Friday, September 12, 2008

Sounds of the South African squeezebox

Y’all know I’m into South African music, right? Let me share something interesting with you.

There’s a fantastic singer named Themba “Shaluza Max” Mntambo. What caught me about his music – apart from Max’s muscular tenor and some thumping grooves – was the sound of a concertina.

In my mind, the accordion-like concertina is a dainty little European instrument. What’s it doing in a Zulu chant-song?

To hear what I mean, click here and listen to Shaluza Max’s “Amancamnce.”

Embedded below is a Shaluza Max video with an even funkier concertina hook. The song is called “Mangase.” (“Amancamnce” and “Mangase” are downloadable from iTunes.)

Here’s the deal: Englishmen developed the concertina during the mid-1800s. They are said to have introduced it to South Africa in the 1920s.

The instrument was then picked up by Afrikaners, who made it a cornerstone of their folk music.

But it was also picked up by Zulus, who likewise absorbed it into their traditional music.

Doesn’t that say something beautiful about the meaning of music... and how culture is transmitted? Like with the banjo in America. Or the tuba in Mexico.

Supposedly, there are now concertina festivals in South Africa where Boer and Zulu musicians come together and rock their “Anglo” concertinas!

(By the way, we might refer to a concertina as a squeezebox... but South Africans call it a squashbox.)


Sprout333 said...

Yes, great stuff. For old school examples, check out

and, if you can find it, "Squashbox: Zulu, Sotho, Xhosa Concertina, 1930-1965" on the Silex label.

Undercover Black Man said...

^ Thanks for that, Sprout333.

Undercover Black Man said...

^ Following up, here's an old South African concertina record (sung in Sotho) ripped from a 78 by JW at Excavated Shellac... BAM!

editorbob said...

The concertina has been a fixture in both traditional Zulu music and in township jive for decades. For some cool examples, find "Homeland: A Collection of Black South African Music" (Rounder cd 11549).
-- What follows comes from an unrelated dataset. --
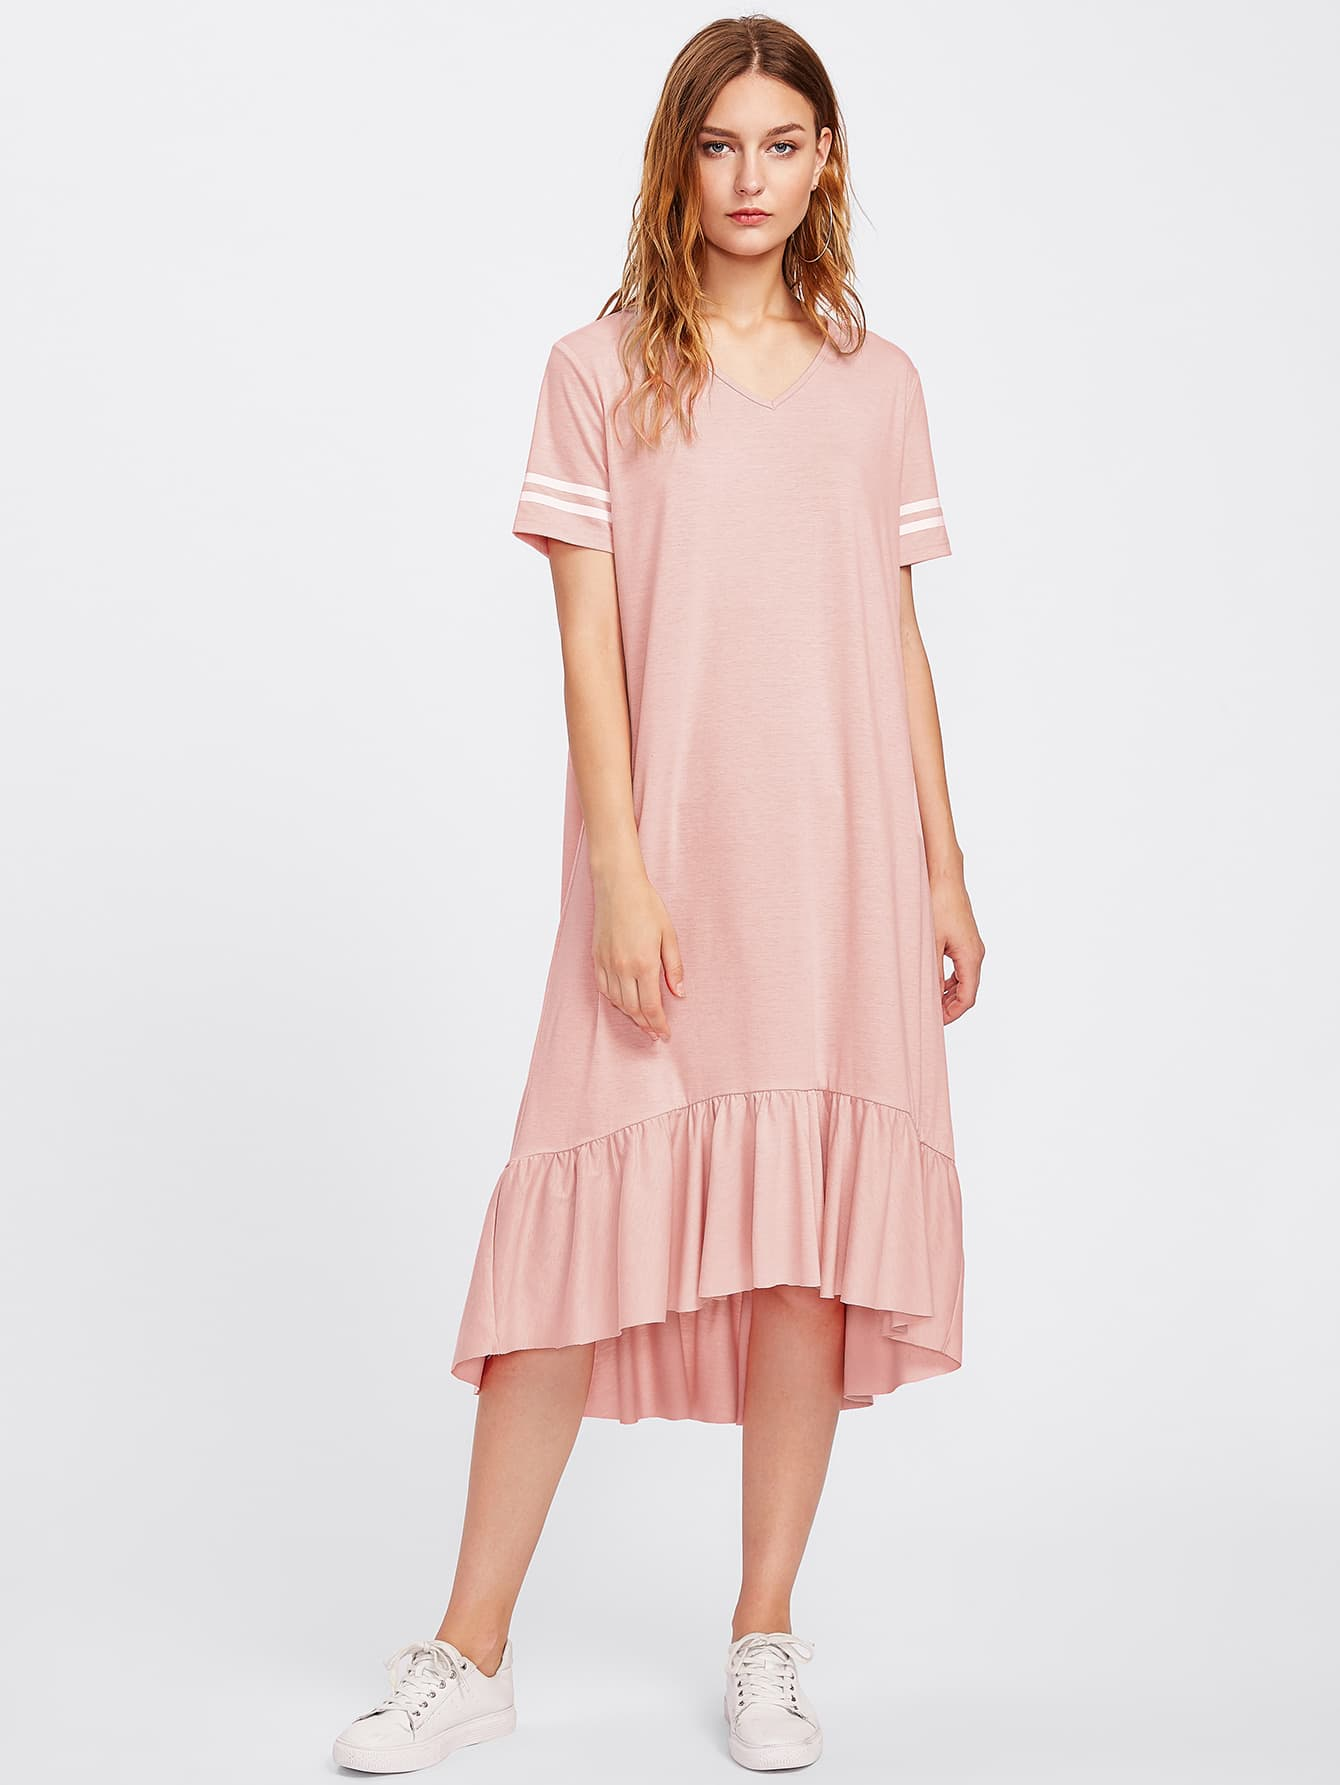 Striped Sleeve Flounce Hem Heathered Tee Dress

The British link draws from the instrument's roots in Celtic (Irish & Scots) & maritime music. Check out Johnny Clegg's work with both Juluka and Savuka -- a marvelous, irresistible blend of Celtic, Zulu, and rock traditions.

And PS, I truly enjoy your site. I like your online persona, & you've introduced me to some fine music. Hope these recommendations return the favor.

Undercover Black Man said...

^ Thanks for that, editorbob.

Jassalasca Jape said...

... and the accordion in south Louisiana. Thanks for posting, this is interesting.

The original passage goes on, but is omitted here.